_EXERCISE AIM_. After finding the line with "Ligths City Landscape Night", restate it and each remaining line of the material word for word, omitting every picture.

_DATA SEGMENT_.

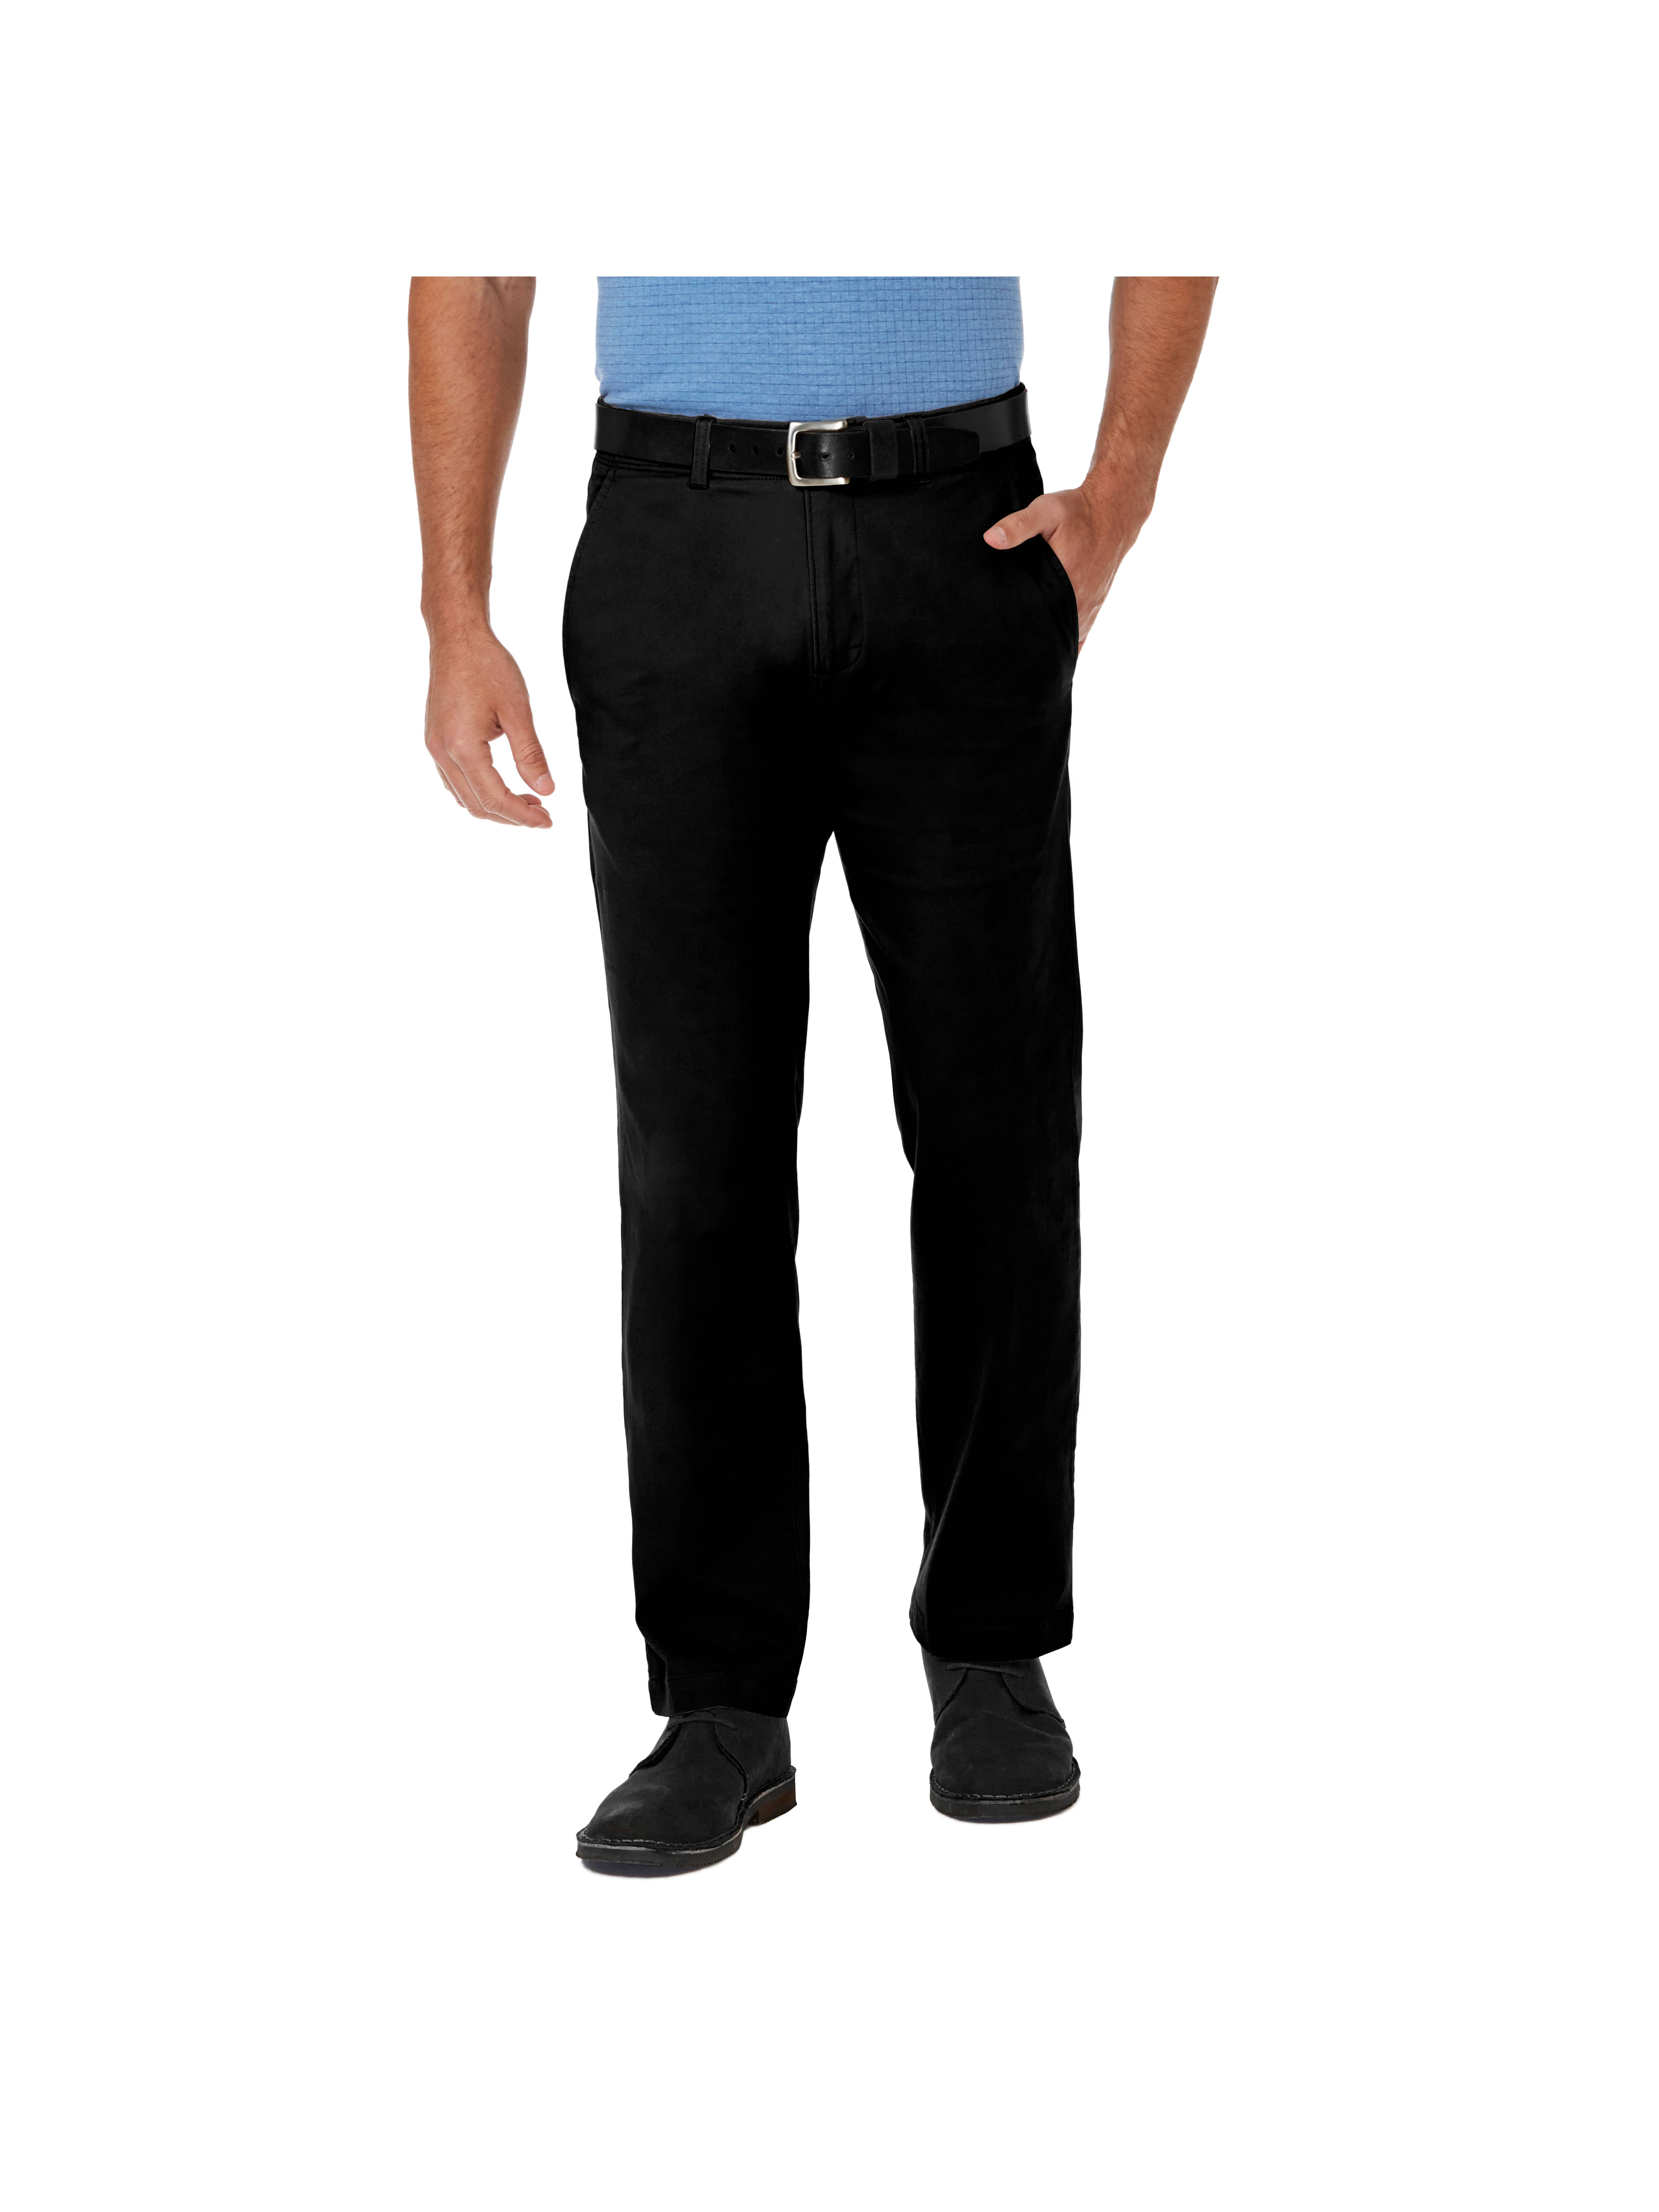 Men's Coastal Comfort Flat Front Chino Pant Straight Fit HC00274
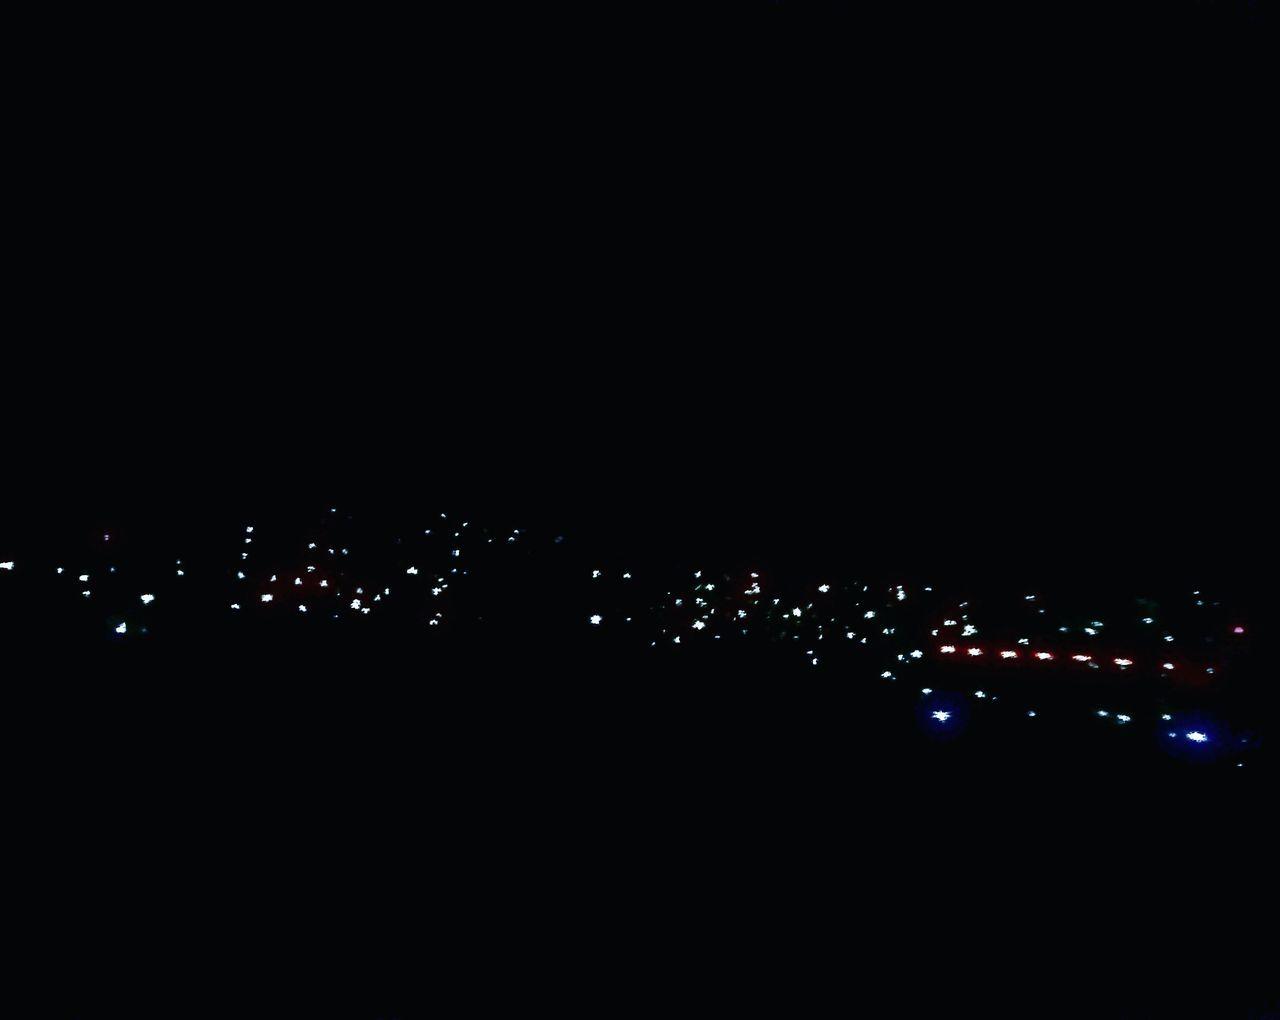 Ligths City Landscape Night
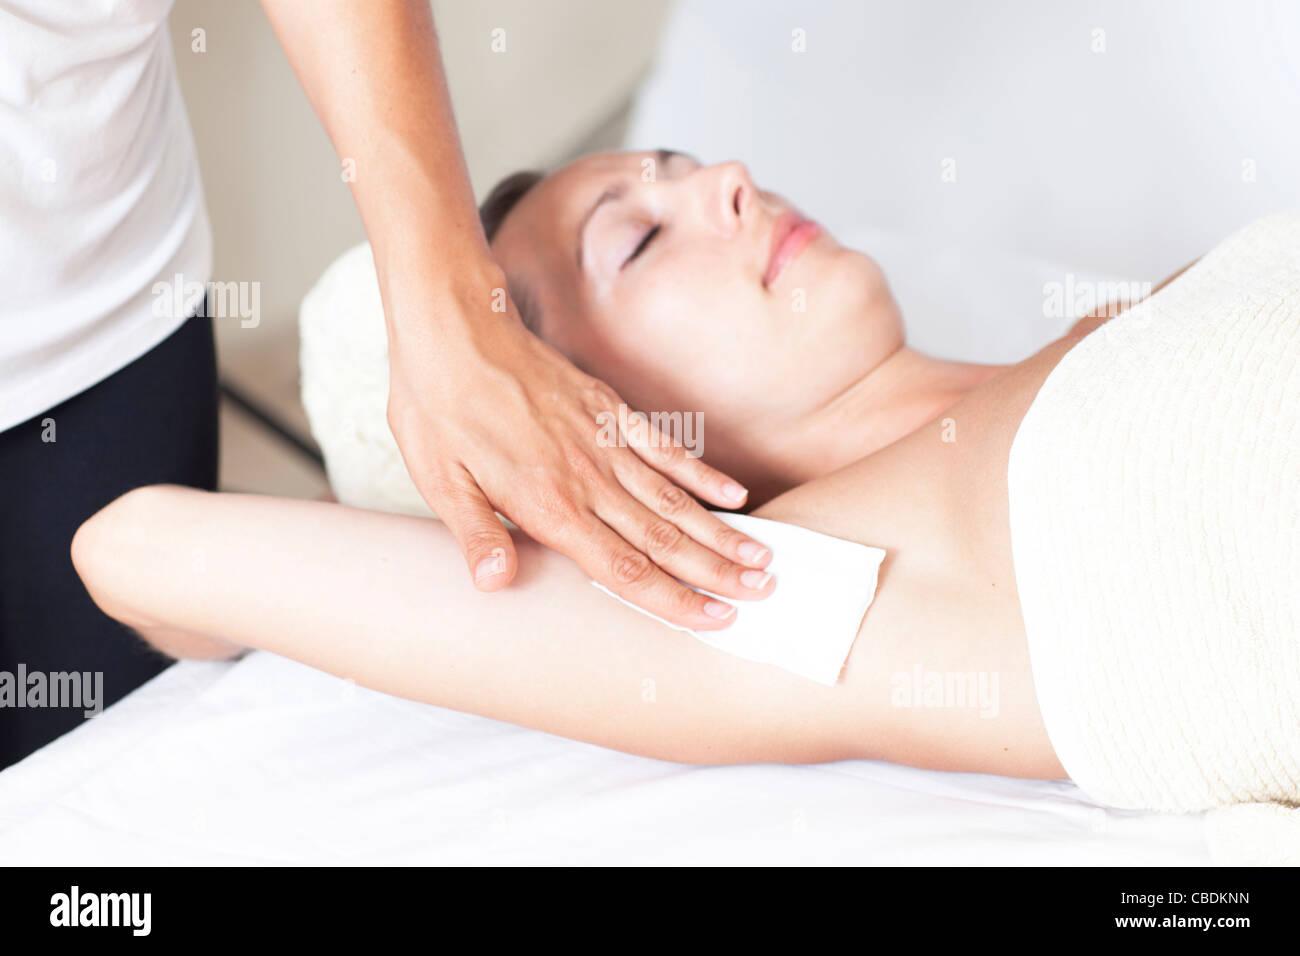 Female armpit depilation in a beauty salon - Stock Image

_RESULT FOR THIS TASK_.
 Ligths City Landscape Night
 Female armpit depilation in a beauty salon - Stock Image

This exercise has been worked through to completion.